The most important currently identifiable genetic cause of autosomal recessive non syndromic hearing loss (ARNSHL) after GJB2 mutations are the SLC26A4 gene mutations. In this investigation, the characteristics and informativeness of D7S496 CA repeat STR marker in SLC26A4 gene region was examined in five ethnic groups of the Iranian population.
The locus were genotyped in 165 individuals of five different ethnic groups including Fars, Azari, Turkmen, Gilaki and Arabs using PCR followed by PAGE and fluorescent capillary electrophoresis. In this study, the results were analyzed by GeneMarker HID Human STR Identity software, GenePop program and Microsatellite Tools software.

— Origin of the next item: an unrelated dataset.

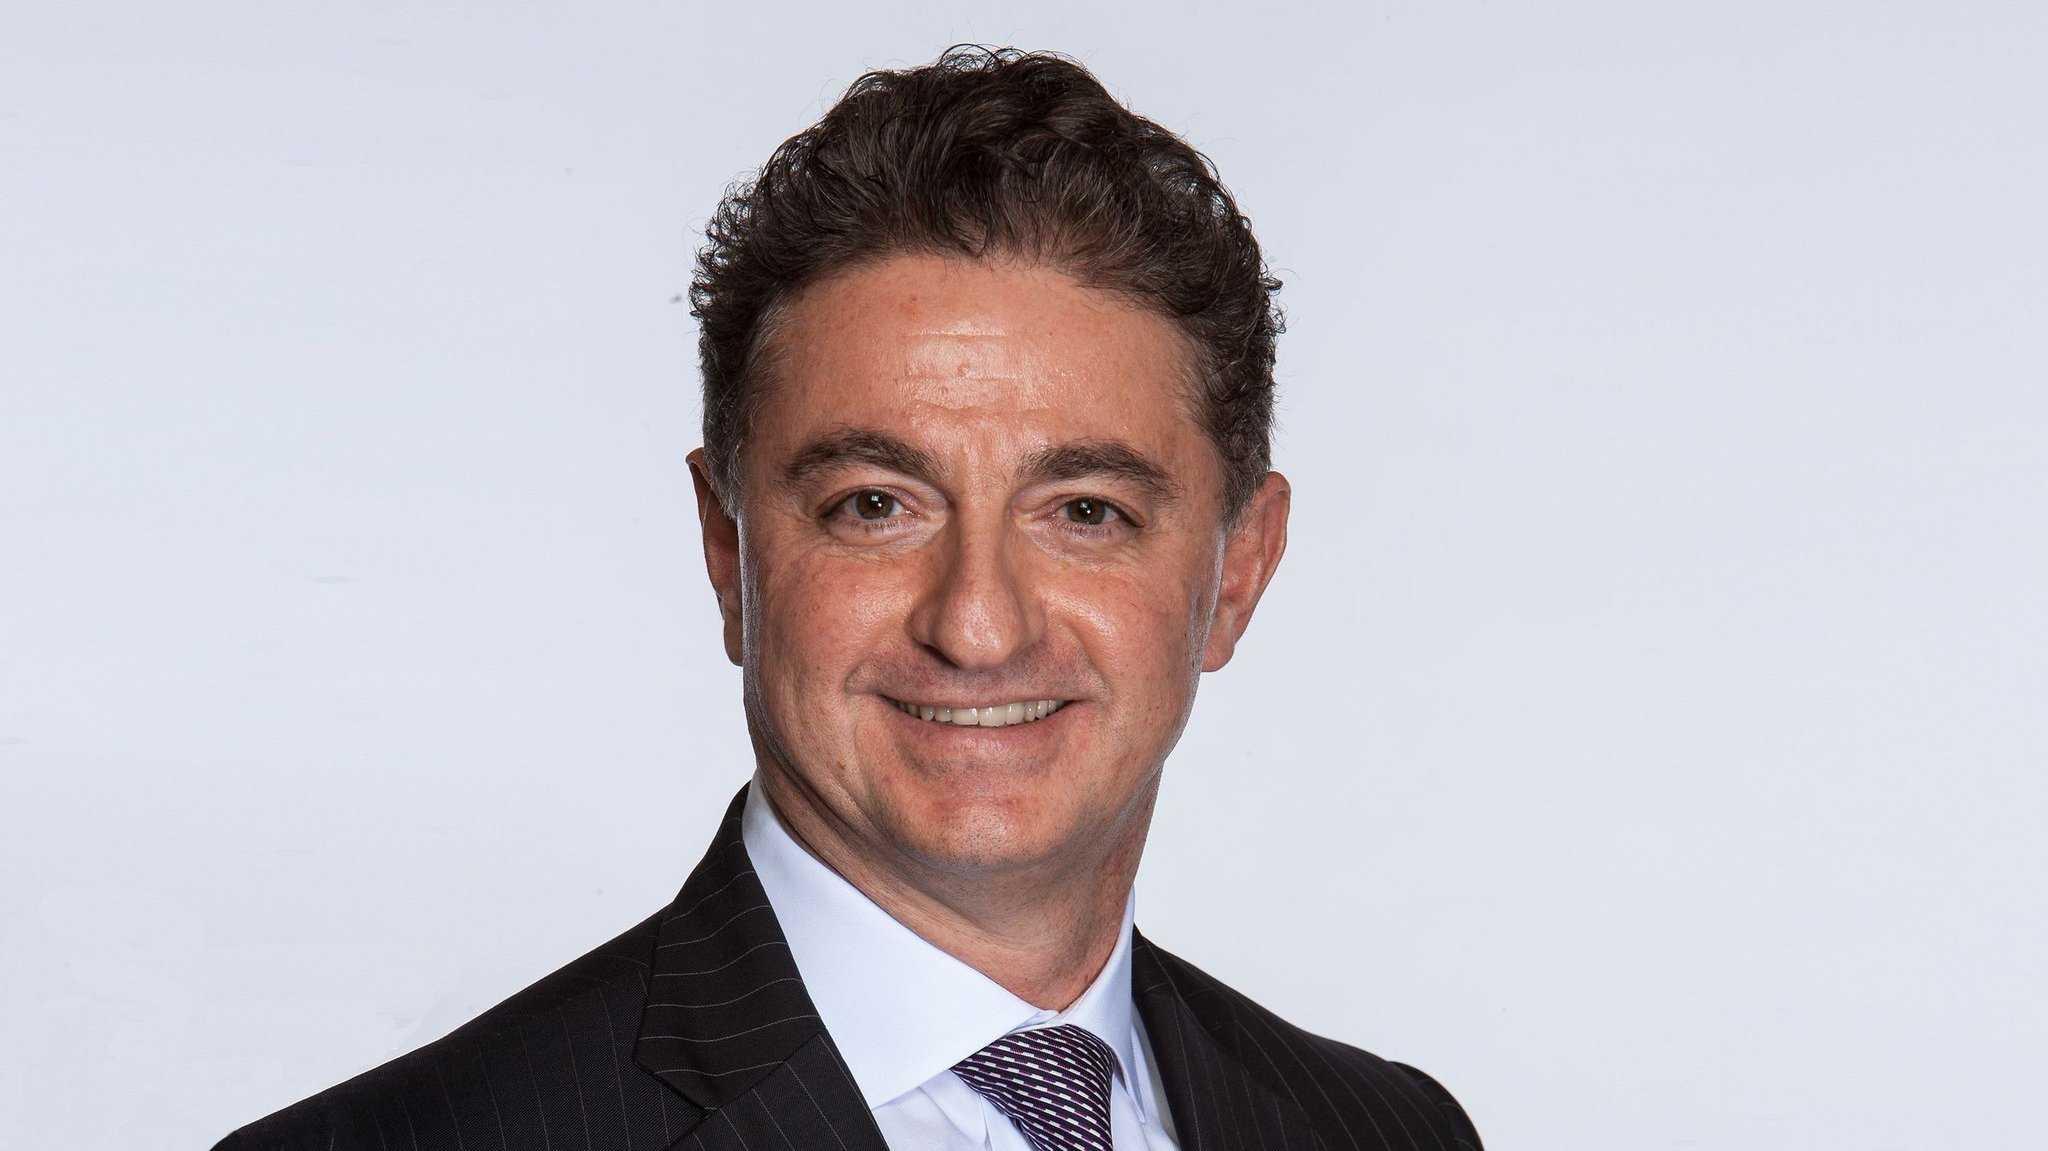 US-Amerikaner Adel Al-Saleh wird neuer T-Systems-Chef

Analysis of the allelic frequency revealed the presence of 10 alleles for D7S496 marker in the Iranian population, which allele 137bp at the D7S496 locus with 41.52% allele frequency was the most frequent. The observed heterozygosity of all ethnic groups was approximately above 70%, which Turkmen ethnic had the highest heterozygosity among all. Finally, analysis of PIC value represents D7S496 marker as a highly informative marker in Iranian population (PIC value above 0.7).
Our data introduce D7S496 as a highly informative marker in diagnosis of SLC26A4 based ARNSHL by Linkage analysis.